Линины письма кстати посылаю.

Адресная надпись:

Мариэтте Серг. Шагинян (с пакетом).

No 37.

Среда.

<Без даты>

Милая Мариэтта, сказки я ваши прочла. По-моему, одна под Андерсена, а другая -- так умна, так умна, что боюсь, как бы детям она не показалась глупой. В этом духе я и отрекомендовала их Поликсене Сергеевне по телефону, а сказки послала по почте. Они там молят, главное, "реального рассказа", а всех, хоть ты что, тянет на сказки.

Будь я сейчас маленькой девочкой -- я сама бы жаждала рассказа, и чтобы премного в нем "случалось".

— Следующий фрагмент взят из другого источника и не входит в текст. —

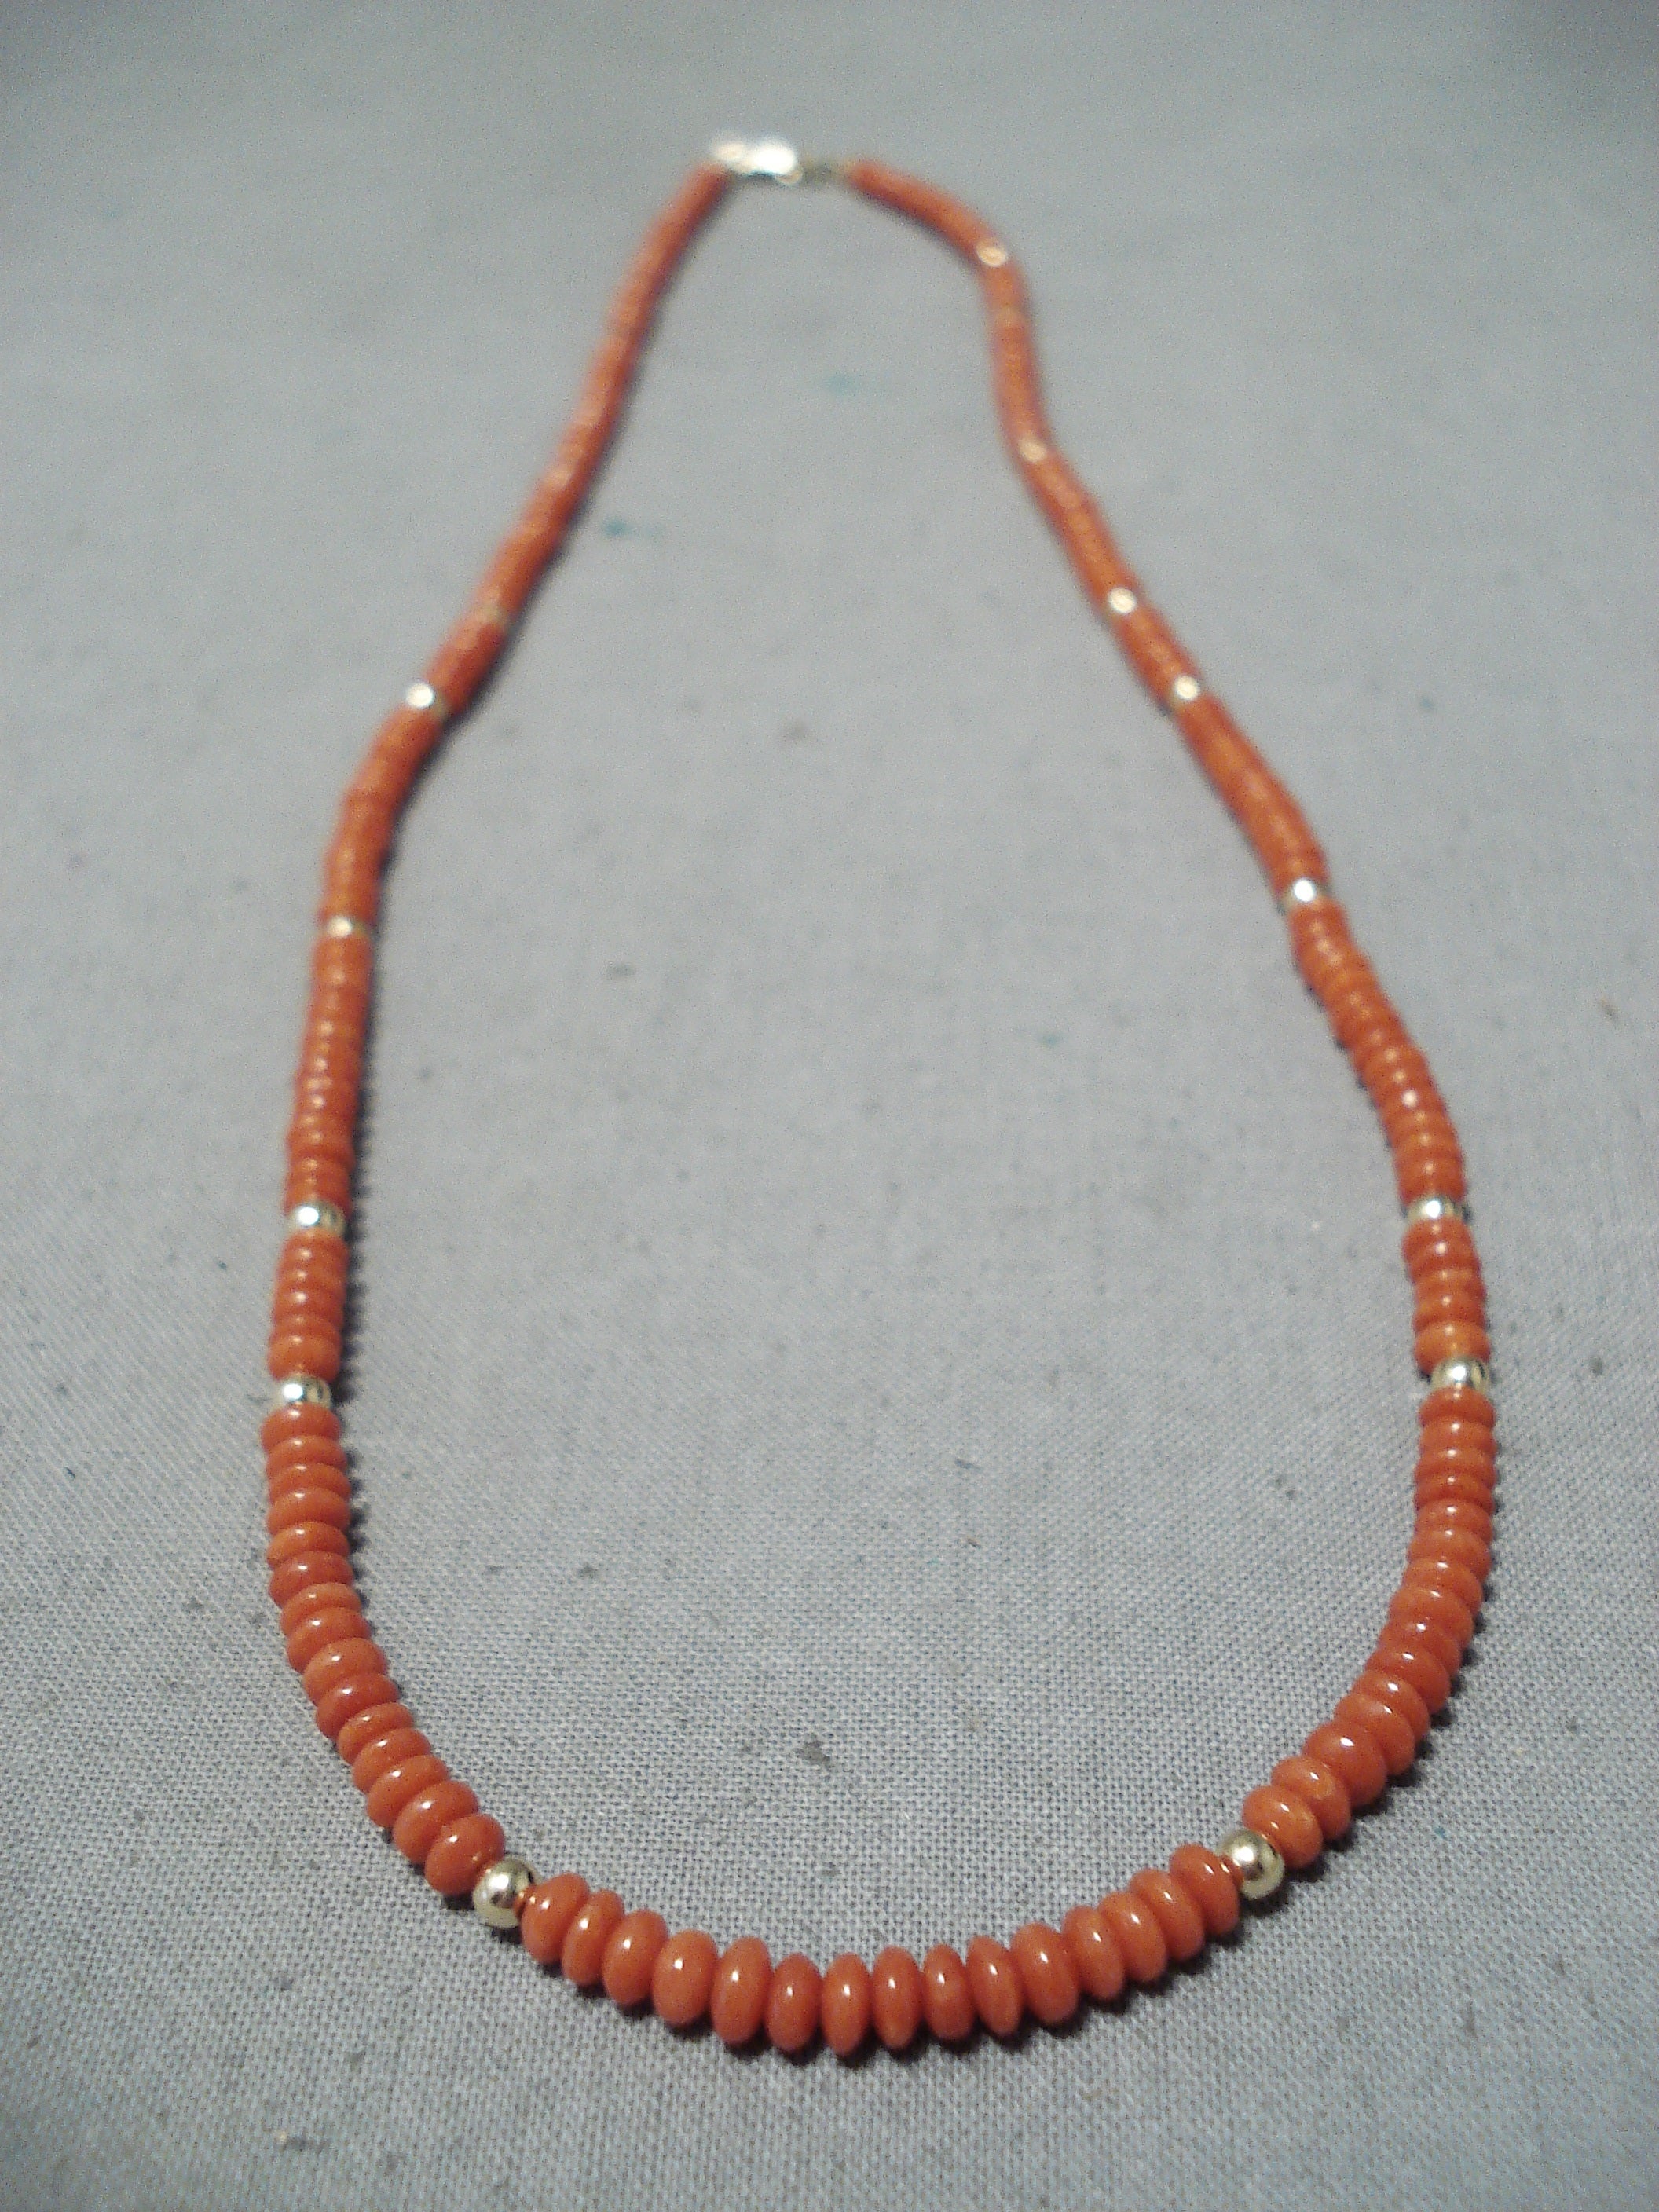 Amazon.com: Coral Rondelles, Coral Beads, Faceted Coral, 6mm Beads, Pink Coral  Necklace, 15 Inch Strand : Arts, Crafts & Sewing

Мне бы очень хотелось, чтобы вы в пятницу (эту) пошли познакомиться с Пол<иксеной> Серг<еевной>. Возьмете у нее кстати том ваших стихов (с моими пометками, с кот<орыми> она согласна, хоть еще имеет и свое мнение). Я рассказала ей между прочим, что вы "кладезь премудрости", и она уверяет, что "боится" вас. Но вы этого не бойтесь.

Впрочем все это я надеюсь вам рассказать и лично, т.к. жду вас в четверг.

З. Г.

Милая Мариэтта,

будьте добрая, отдайте кстати прилагаемый пакет Пол<иксене> Сер<геев>не, когда будете у нее сегодня!

Ваша З. Г.

На обороте адресная надпись:

Мариэтте Сергеевне Шагинян.

Помета М.Шагинян:

Начало работы у Поликсены Сергеевны Соловьевой -- Allegro. "Тропинка"28.

No 38.

22.

Милая Мариэтта, посылаю вам от Пол<иксены> Серг<еевны> половину письма, относящуюся к вам, и то, что она прилагает. Вы, оказывается, не дали ей своего адреса. Дайте хоть московский.

Она больна, у нее, кроме сердца, еще болят почки.

Мне, кажется, лучше, сижу целые дни одна, скучно, но отдохновенно. Впрочем, и не скучно было бы, если бы можно было писать. Но этого еще боюсь.

Жду вас в четверг, как обещали. Пришлите мне Линино письмо, если находите интересным.

Думаю о том, какие все люди разные и как невозможно им понимать друг друга. И они не виноваты. Разно устроены. Знать еще можно кое-что, да и то все ложь.

Искренне ваша Зин. Г.

Адресная надпись:

Мариэтте Сергеевне Шагинян.

Пантел. 4 кв. 20.

No 39.

<Без даты>

Только хотела писать вам, чтобы вы пришли сегодня! Приходите, мне вас нужно. Пол<иксена> Серг<еевна> просит вас придти к ней завтра, поговорить о рассказе, который ей очень нравится. А я вам дам для нее кое-что передать.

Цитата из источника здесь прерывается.